▶ [Data]:
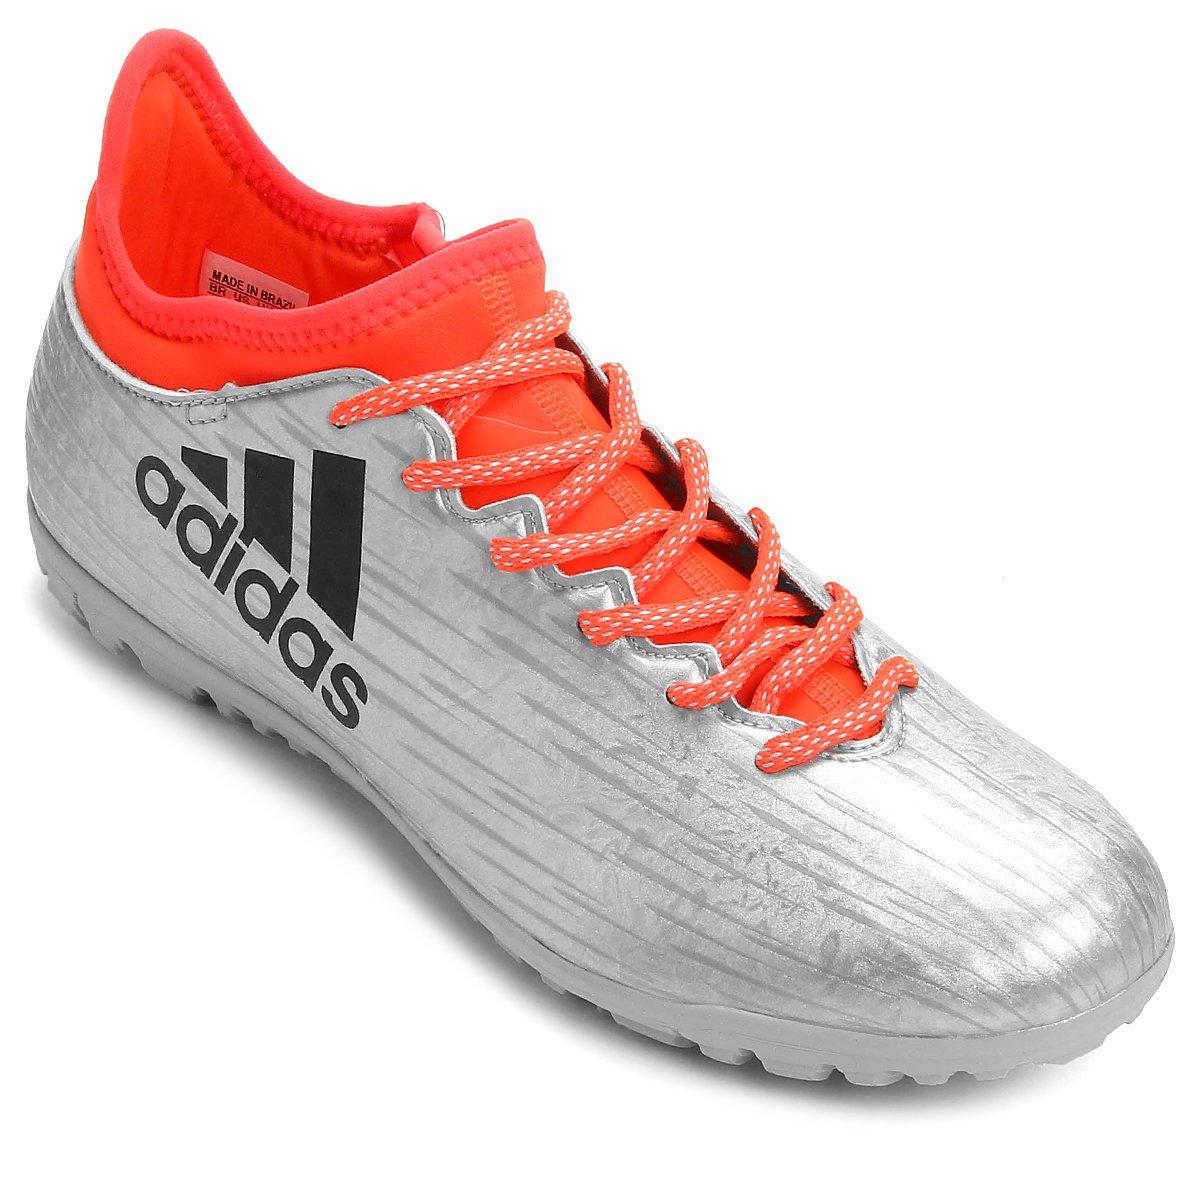 50103f13c6215 Chuteira Adidas X 16.3 TF Society - Compre Agora
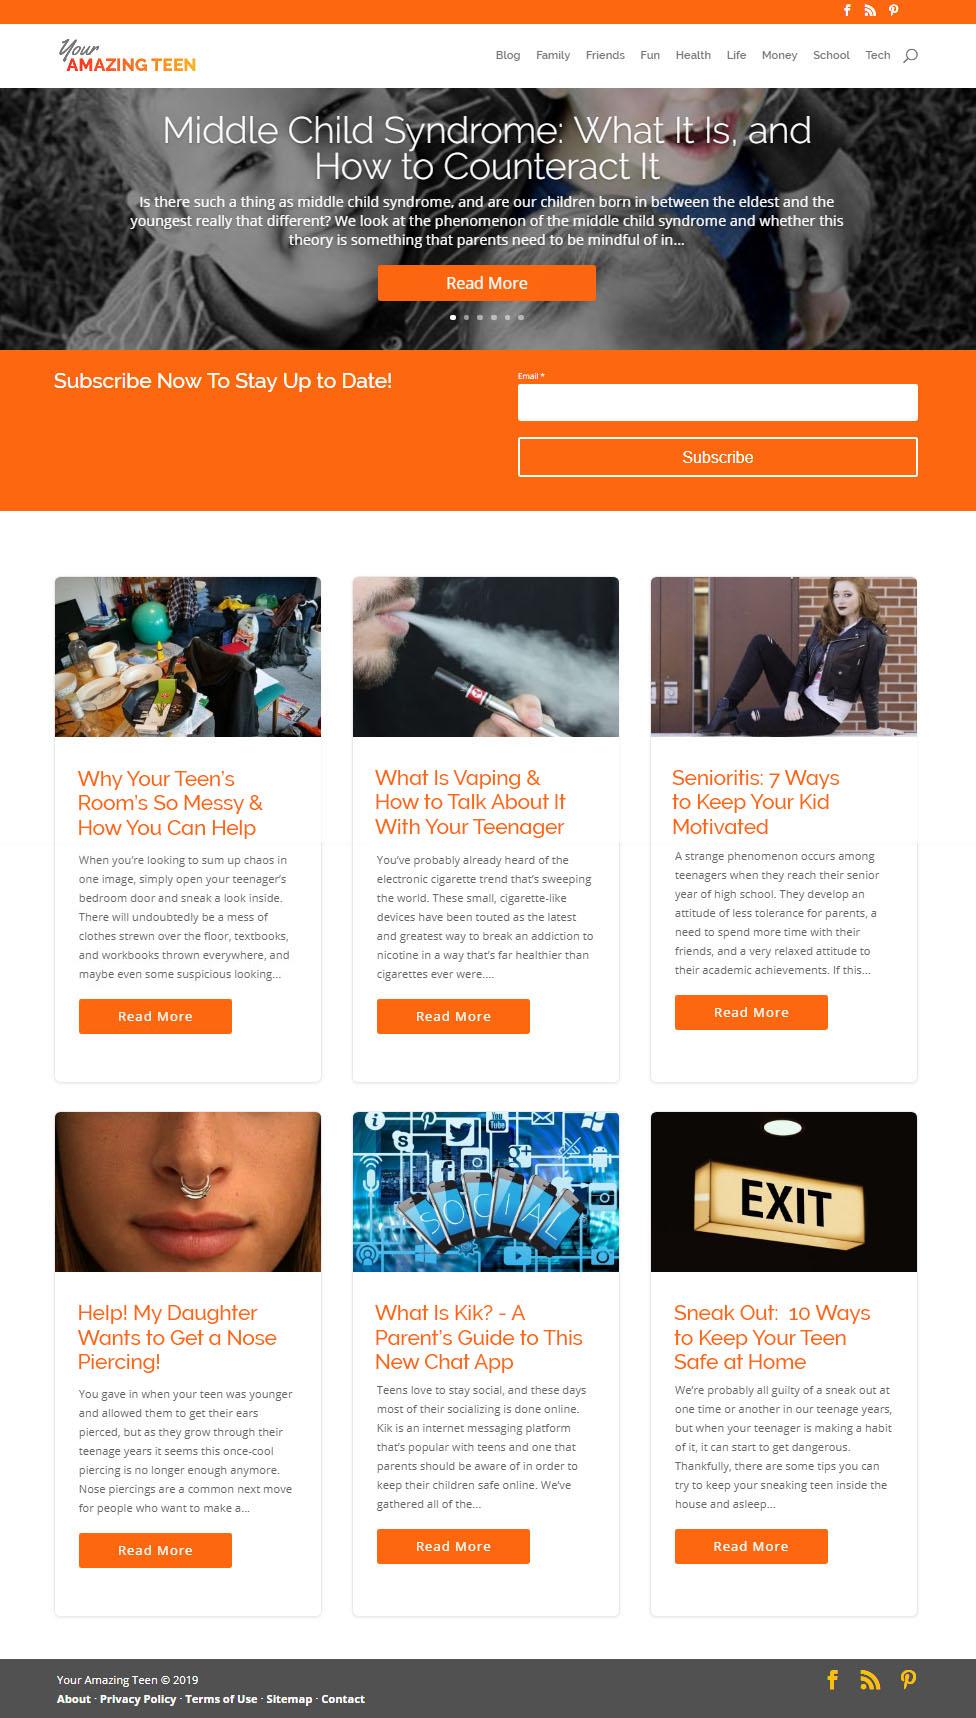 2018 - Your Amazing Teen website - Elisabeth Parker's portfolio.
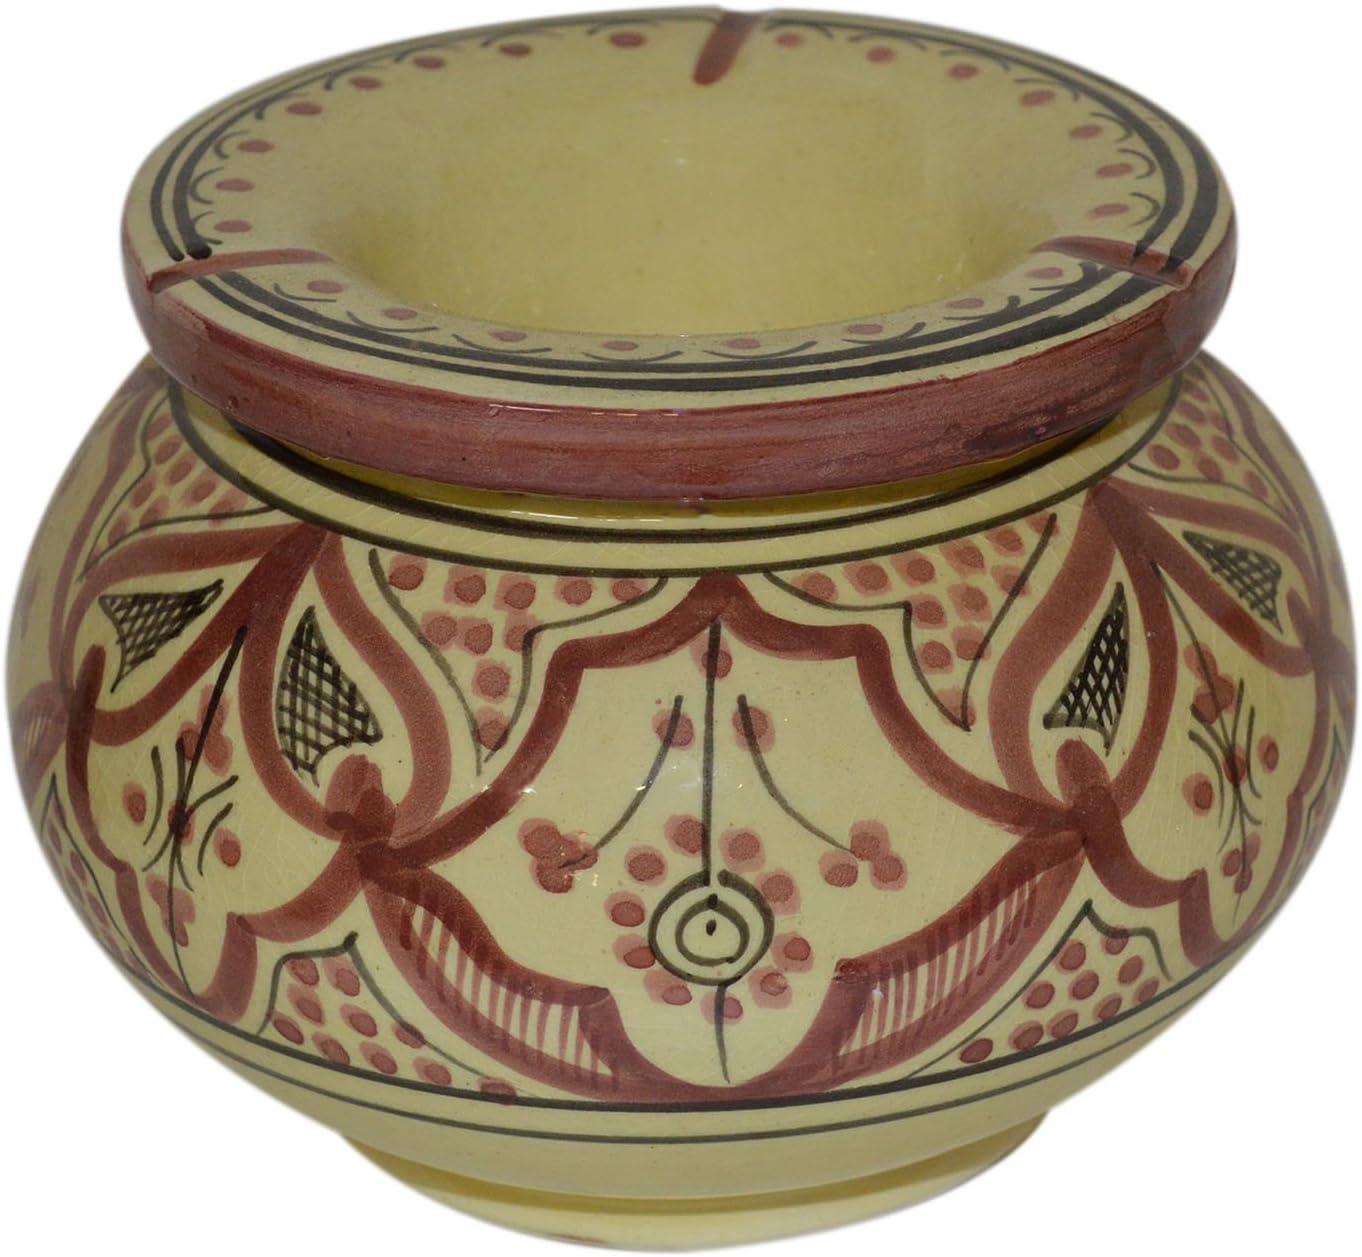 Moroccan Handmade Great Max 86% OFF interest Ceramic Ashtrays Cigar des Smokeless Exquisite

▶ [Your instructions]:
Would you give the material back exactly, minus the pictures?

▶ [Expected answer]:
 50103f13c6215 Chuteira Adidas X 16.3 TF Society - Compre Agora
 2018 - Your Amazing Teen website - Elisabeth Parker's portfolio.
 Moroccan Handmade Great Max 86% OFF interest Ceramic Ashtrays Cigar des Smokeless Exquisite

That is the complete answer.